An exact copy is all that is wanted: the lines from the one with "All-Star 1997 Featuring Frank Thomas" through the end of the listing below, both included, minus any pictures.

▶ PROVIDED DATA:
* * *

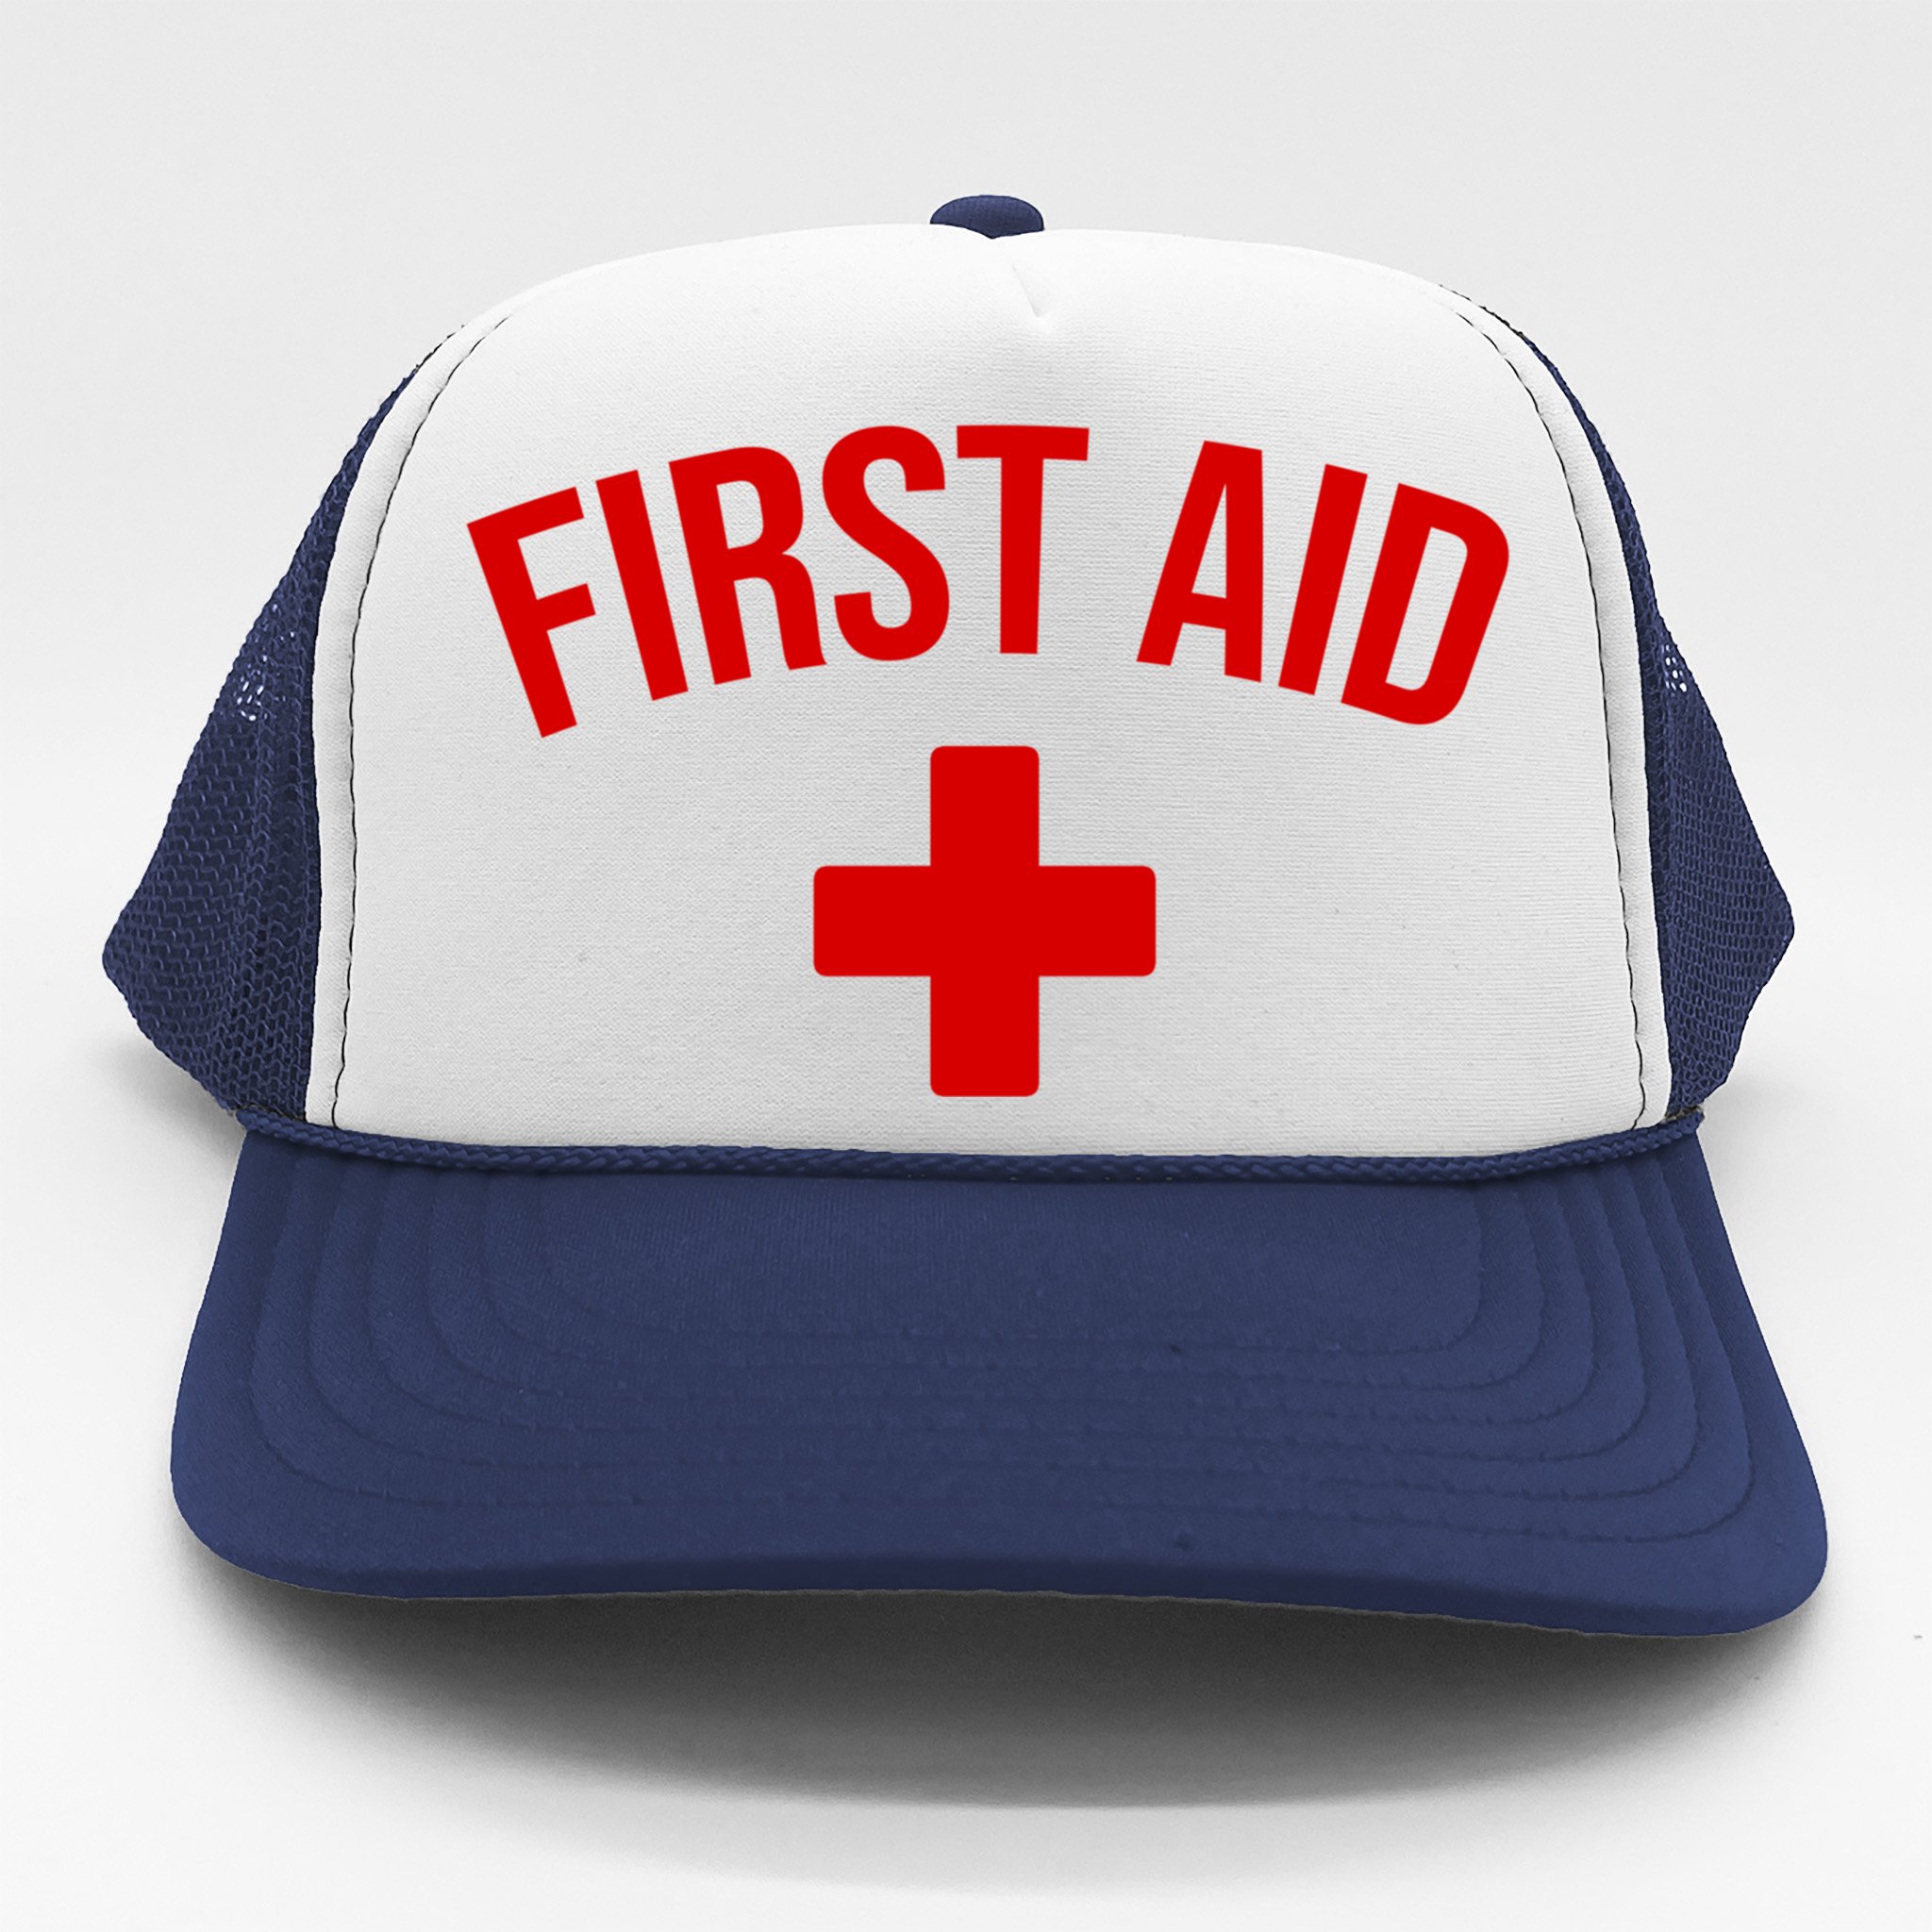 Baseball Cap with First Aid Cross
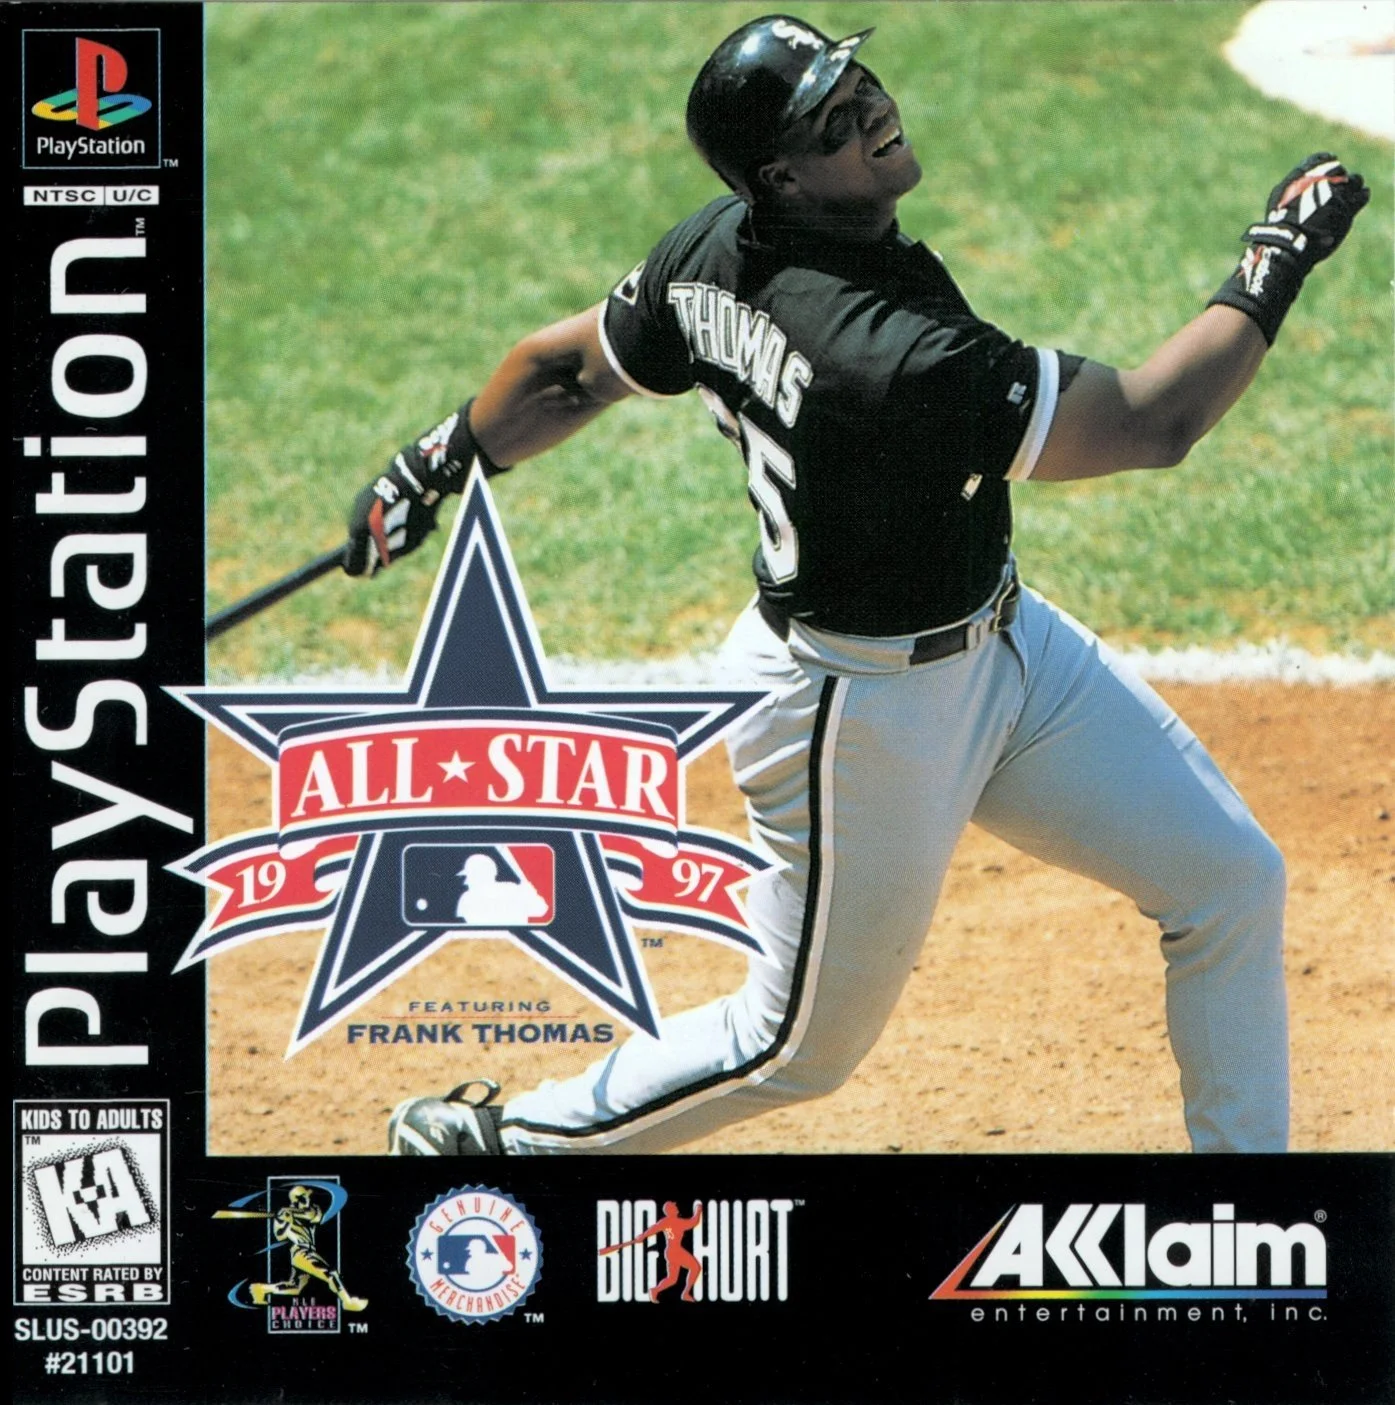 All-Star 1997 Featuring Frank Thomas
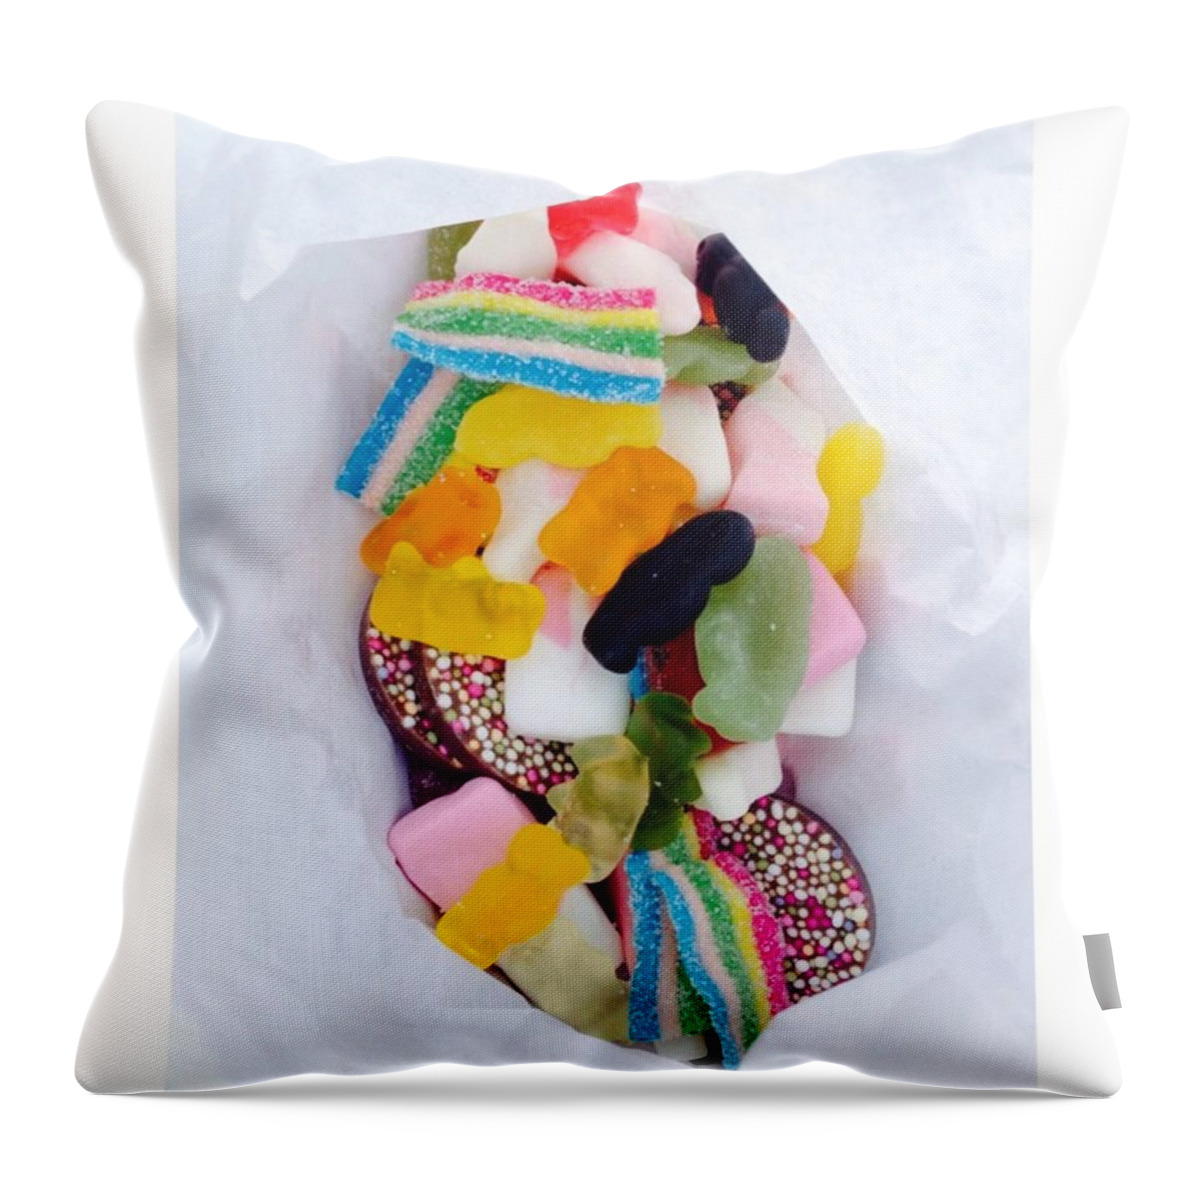 Sweets Throw Pillow featuring the photograph Pick N Mix by Heather Semple

* * *

▶ EXERCISE OUTPUT:
 All-Star 1997 Featuring Frank Thomas
 Sweets Throw Pillow featuring the photograph Pick N Mix by Heather Semple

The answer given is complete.